🤖 AI Summary
In federated learning (FL), continual instruction tuning of large language models faces critical challenges: clients dynamically receive new tasks, exhibit extreme data heterogeneity, and operate under strict memory constraints—leading to catastrophic forgetting. To address this, we propose the first FL-oriented continual instruction tuning framework. Our method introduces (1) a dynamic knowledge organization mechanism that enables incremental cross-task knowledge integration, and (2) subspace-selective activation, which achieves multi-task parameter isolation to preserve task-specific inference capabilities. Evaluated across 12 instruction-following datasets under four heterogeneous FL settings, our framework significantly mitigates forgetting and achieves state-of-the-art performance across all major metrics. To foster reproducibility and community advancement, we will publicly release both the source code and a comprehensive benchmark suite.
📝 Abstract
A vast amount of instruction tuning data is crucial for the impressive performance of Large Multimodal Models (LMMs), but the associated computational costs and data collection demands during supervised fine-tuning make it impractical for most researchers.
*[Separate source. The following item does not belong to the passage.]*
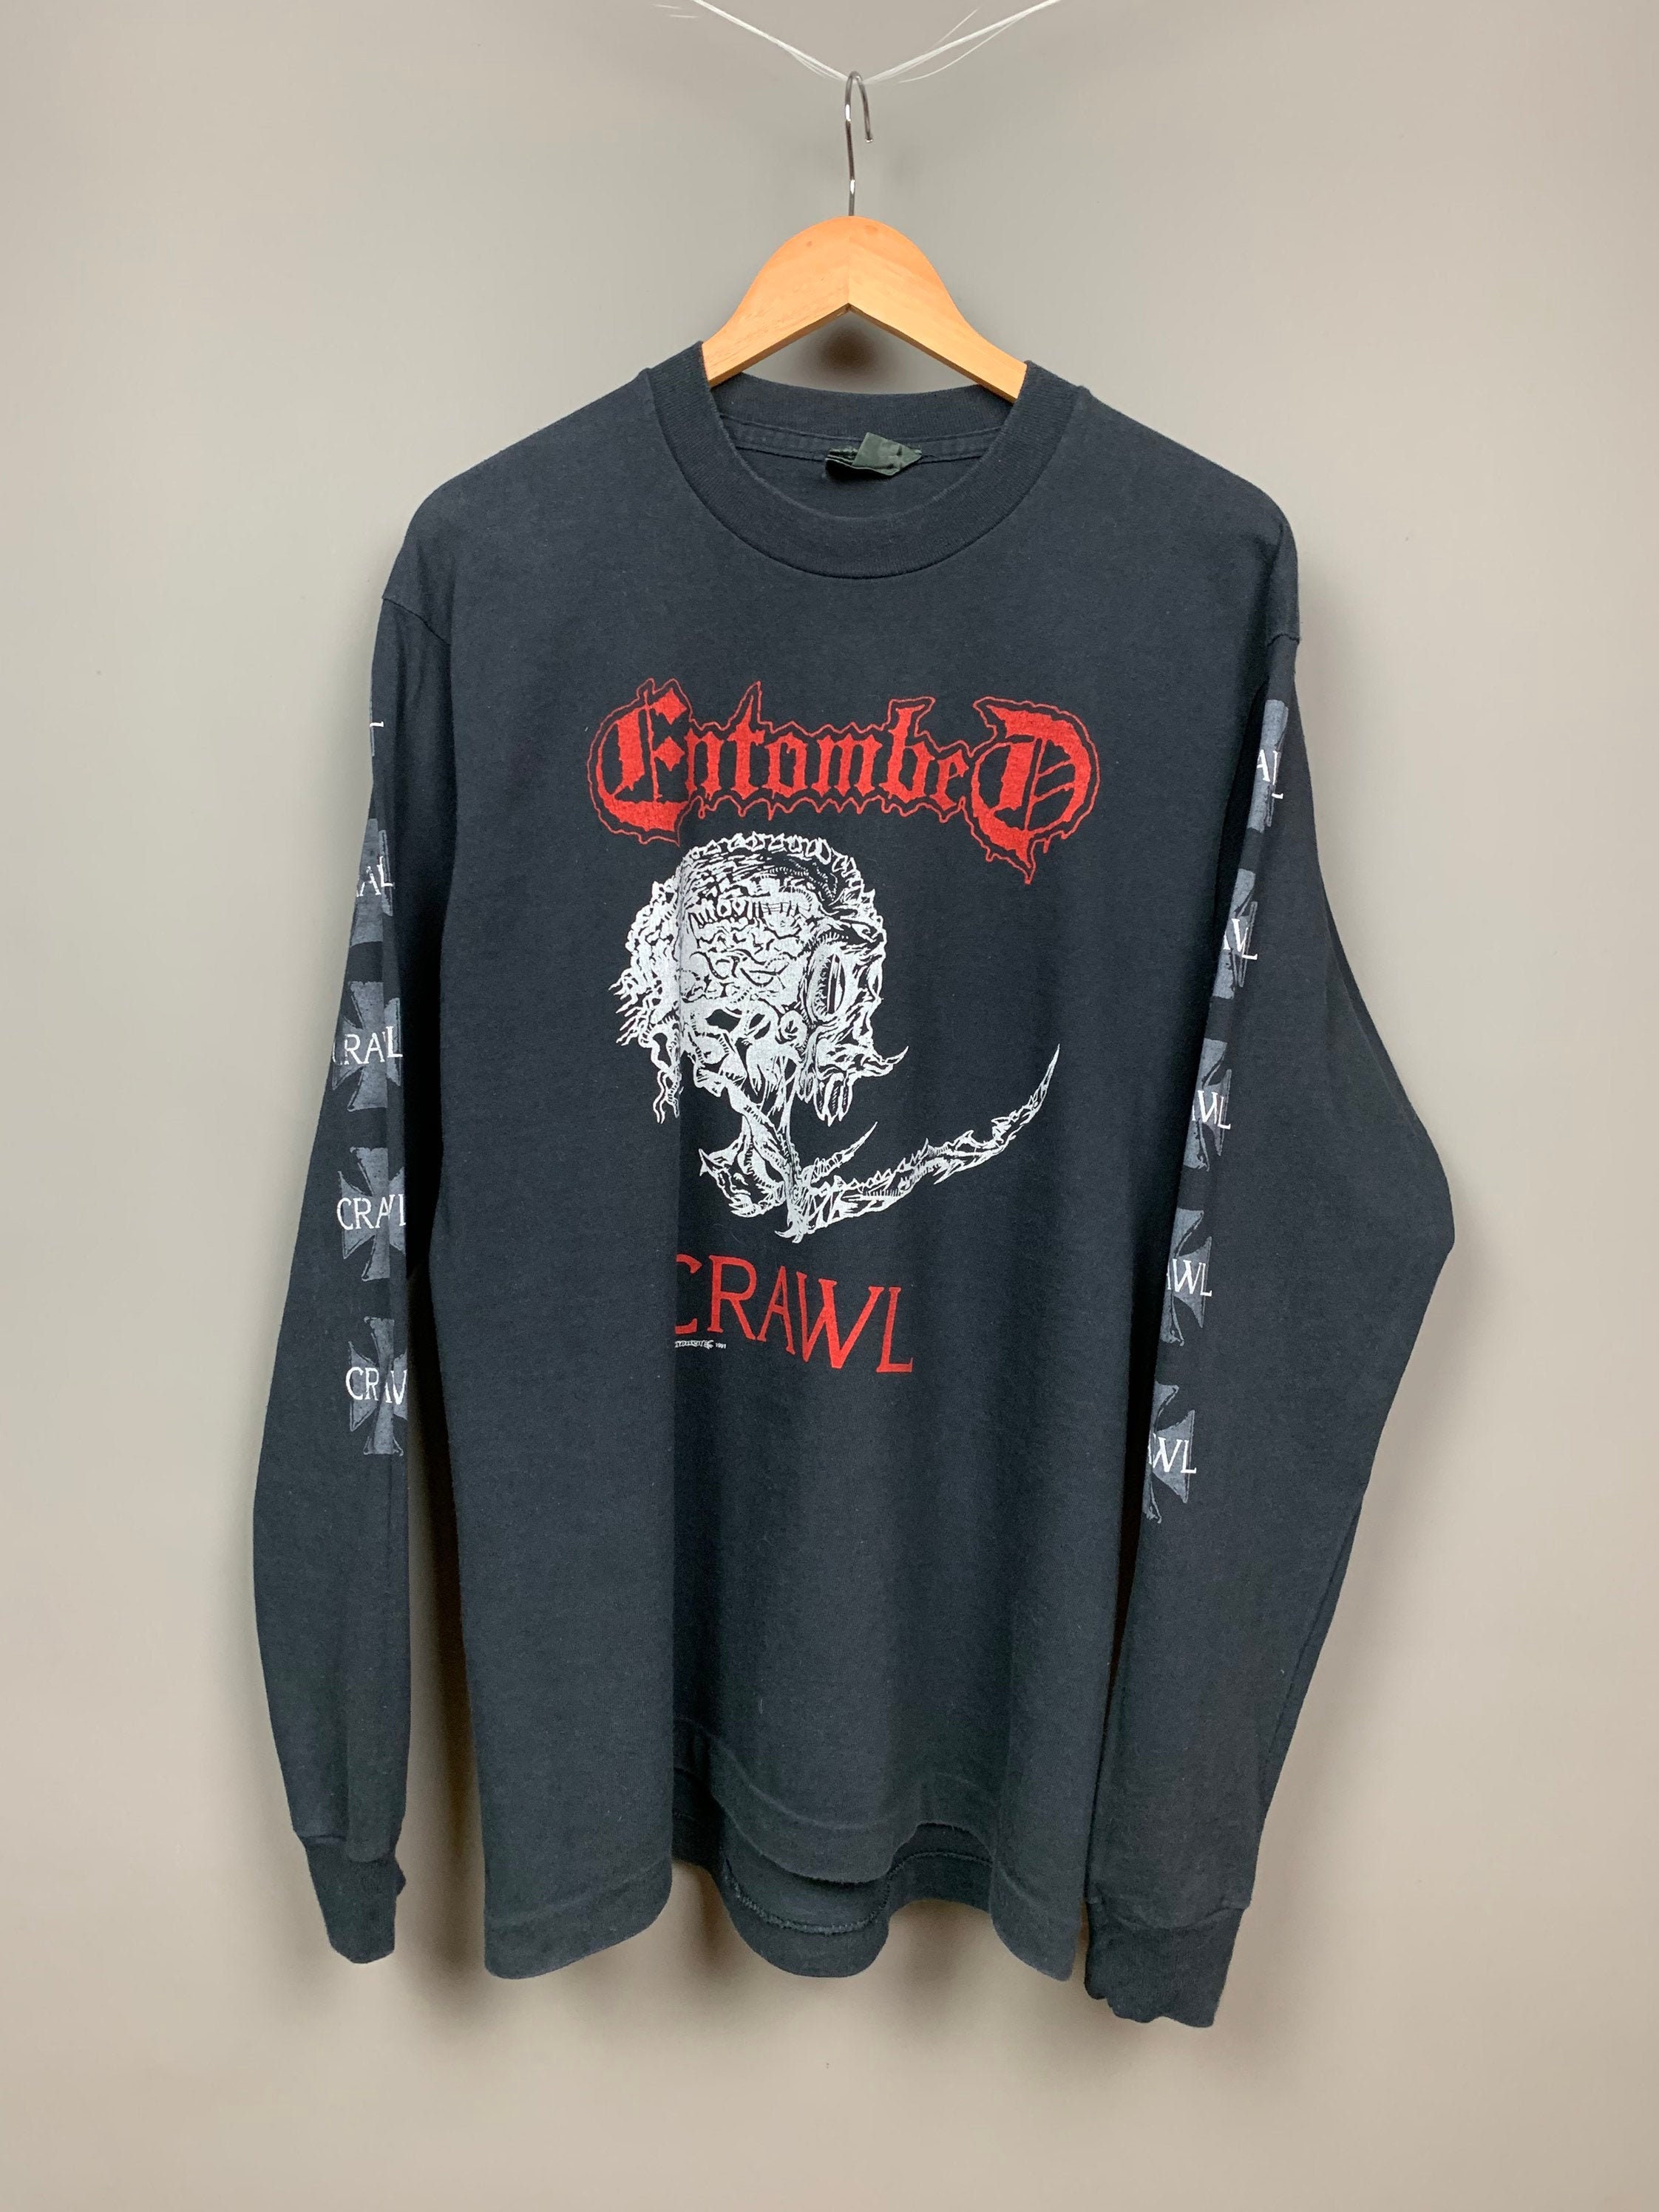 ENTOMBED 1991 CRAWL Vintage Metal Longsleeve Shirt / Extremely | Etsy

Federated learning (FL) has the potential to leverage all distributed data and training resources to reduce the overhead of joint training. However, most existing methods assume a fixed number of tasks, while in real-world scenarios, clients continuously encounter new knowledge and often struggle to retain old tasks due to memory constraints. In this work, we introduce the Federated Continual Instruction Tuning (FCIT) benchmark to model this real-world challenge. Our benchmark includes two realistic scenarios, encompassing four different settings and twelve carefully curated instruction tuning datasets. To address the challenges posed by FCIT, we propose dynamic knowledge organization to effectively integrate updates from different tasks during training and subspace selective activation to allocate task-specific output during inference. Extensive experimental results demonstrate that our proposed method significantly enhances model performance across varying levels of data heterogeneity and catastrophic forgetting. Our source code and dataset will be made publicly available.